# Internet is connected but browser won't work



## Proletariat (Oct 7, 2006)

Hey, glad to see there is a decent forum for these questions. I just set up a Linksys WRT54G v.6.0 wireless router. It is hooked up to comcast cable. So, my wireless icon on my desktop says it is connected to my wireless internet. But everytime I try and open Firefox or IE6 it shows the page that says

Server not found
Firefox can't find the server at www.yahoo.com
*   Check the address for typing errors such as
          ww.example.com instead of
www.example.com

    *   If you are unable to load any pages, check your computer's network
          connection.

    *   If your computer or network is protected by a firewall or proxy, make sure
          that Firefox is permitted to access the Web.

so what I am wondering is what i need to do to get IE or Firefox to communicate with my wireless internet.

thanks in advance!


----------



## Trizoy (Oct 7, 2006)

Ok you have some things correct. When you say your Computer is connected, yes you are correct... But it is only a valid connection to your Router. If the router doesnt have a connection is a different issue. 
Do this..

To find out if your computer does have a valid connection to the router, go into start, run, type CMD. at the prompt type ipconfig

It will show an address like 192.168.2.3 as your IP and your host. 

If that is correct you have a good connection to router.

Then login to the router via the Web based interface //192.168.0.1 or //192.168.1.1
admin/password are default for Linksys.

Does the router show a connection? If not have you set it up?


----------



## Proletariat (Oct 7, 2006)

ok, I did the ipconfig and everything said exactly what you said it would. 

then I went to the router and I'm not exactly sure if it said I had a connection or not, just because I didnt really know what to look for. I don't have my router disk anymore so I can't run the easy setup wizard that came with it. Any ideas from here?

thanks!


----------



## Proletariat (Oct 7, 2006)

I also tried logging into emule and that didnt work either, so I guess it has to be a router thing. I downloaded a .bin file from linksys so I could have the firmware but I am not sure what to do with a .bin file. I thought you had to have a .cue file to go with it to make a burnable disk.


----------



## Trizoy (Oct 7, 2006)

Under your Setup page select Automatic Configuration - DHCP and unser the setup tab select the MAC Address Clone Tab, and Clcik enable and Clone your OC's Mac address.

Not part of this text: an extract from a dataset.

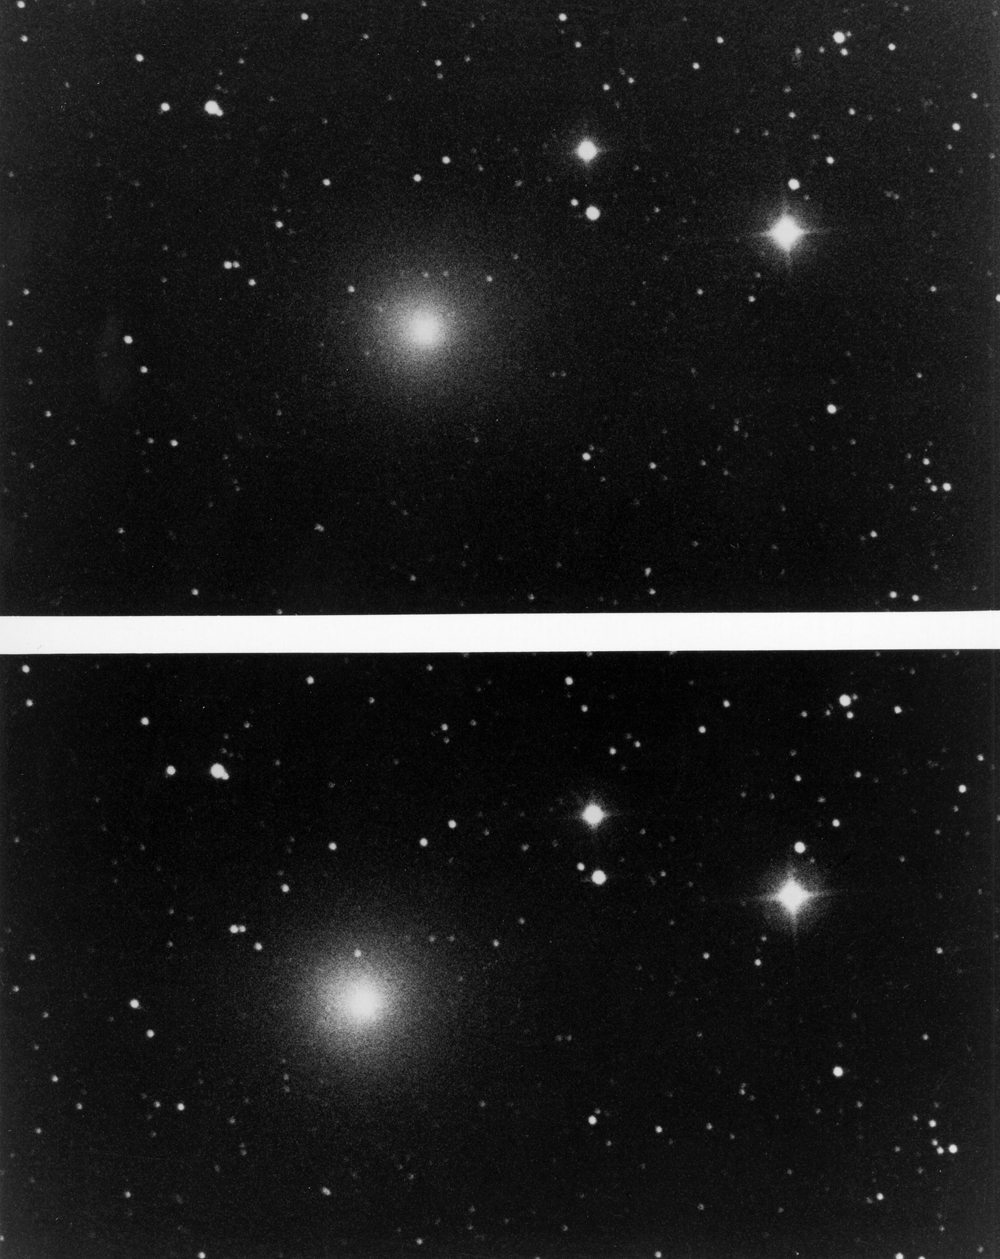 Halley's Comet in 1985

After a good 30 sec go to the status tab and check to see if you have an ip address listed and a domain like hsd1.ca.comcast.net.


If you do you are getting a good connection. If not.. Let me know


----------



## Proletariat (Oct 8, 2006)

just wanted to say thanks for all your help. i ended up just resetting and disconnecting the router and my cable modem. then i reconnected my cable modem, then the router and then a hard wire to my laptop. i reset up the router w/o security and then enabled a wep password and oila! for some reason it worked.

take it easy


----------



## Trizoy (Oct 8, 2006)

Sounds good!


----------